= International Carpet Festival =

Annual festival in Baku, Azerbaijan

The International Carpet Festival is an annual festival held in Baku, Azerbaijan, centered around the tradition of Azerbaijani carpet weaving. The festival takes place in Icherisheher (Old City) and is organized by the Administration of the State Historical-Architectural Reserve "Icherisheher" and Azerkhalcha OJSC, with support from the Ministry of Economy of the Republic of Azerbaijan and the Azerbaijan Export and Investment Promotion Agency (AZPROMO).

== History ==
The inaugural National Carpet Festival was held on May 4–5, 2024. The festival was expanded to an international level in 2025.

== Festival activities ==
The International Carpet Festival features various activities, including:

- Exhibitions: Showcasing ancient, modern, and designer carpets.
- Masterclasses: Sessions on carpet weaving techniques.
- Interactive Performances: Theatrical and musical presentations related to carpet culture.
- Educational Seminars: Discussions on the history and techniques of carpet weaving.
- International Forum: A platform for global experts to discuss the future of carpet weaving.

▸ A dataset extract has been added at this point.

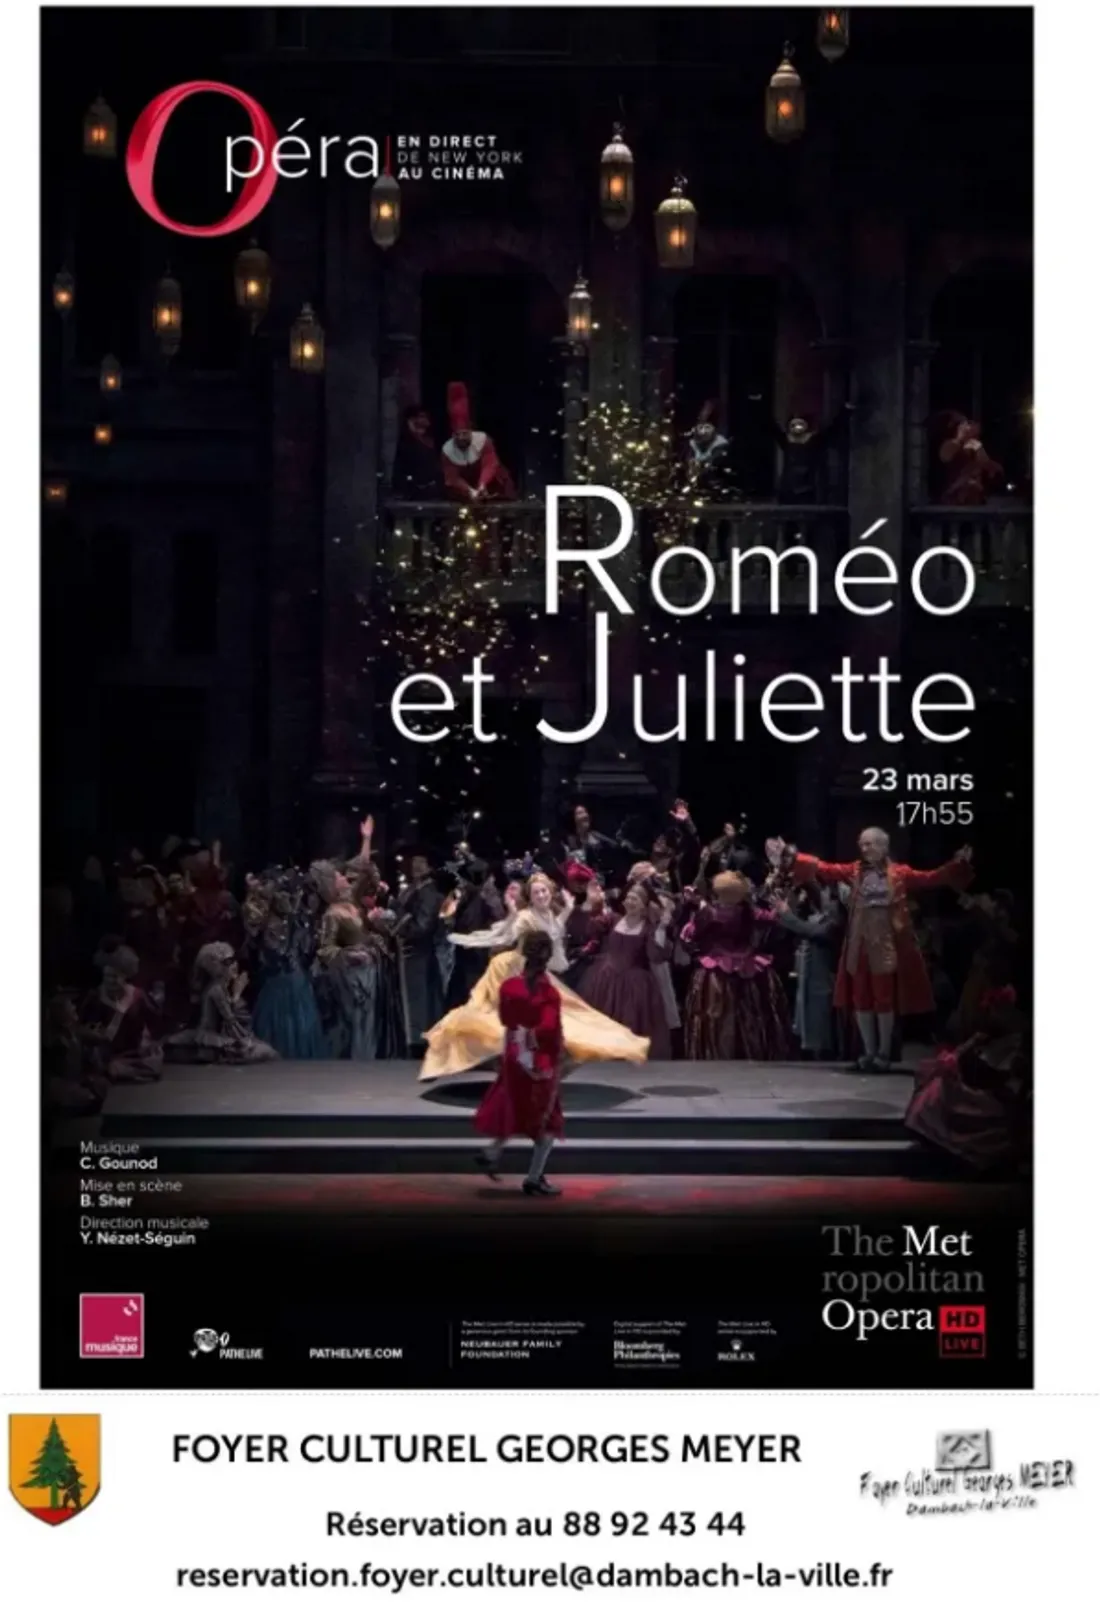 Roméo et Juliette - Opéra retransmission

The festival coincides with Carpet Weaver's Day, established by a decree from President Ilham Aliyev on May 5, 2016, to honor Azerbaijani carpet artisans.

== Cultural significance ==
Azerbaijani carpet weaving is recognized as an Intangible Cultural Heritage of Humanity by UNESCO. The International Carpet Festival is an event focused on the exhibition of traditional Azerbaijani carpet weaving, providing a venue for artisans to present their work and for visitors to engage with aspects of the country's cultural heritage.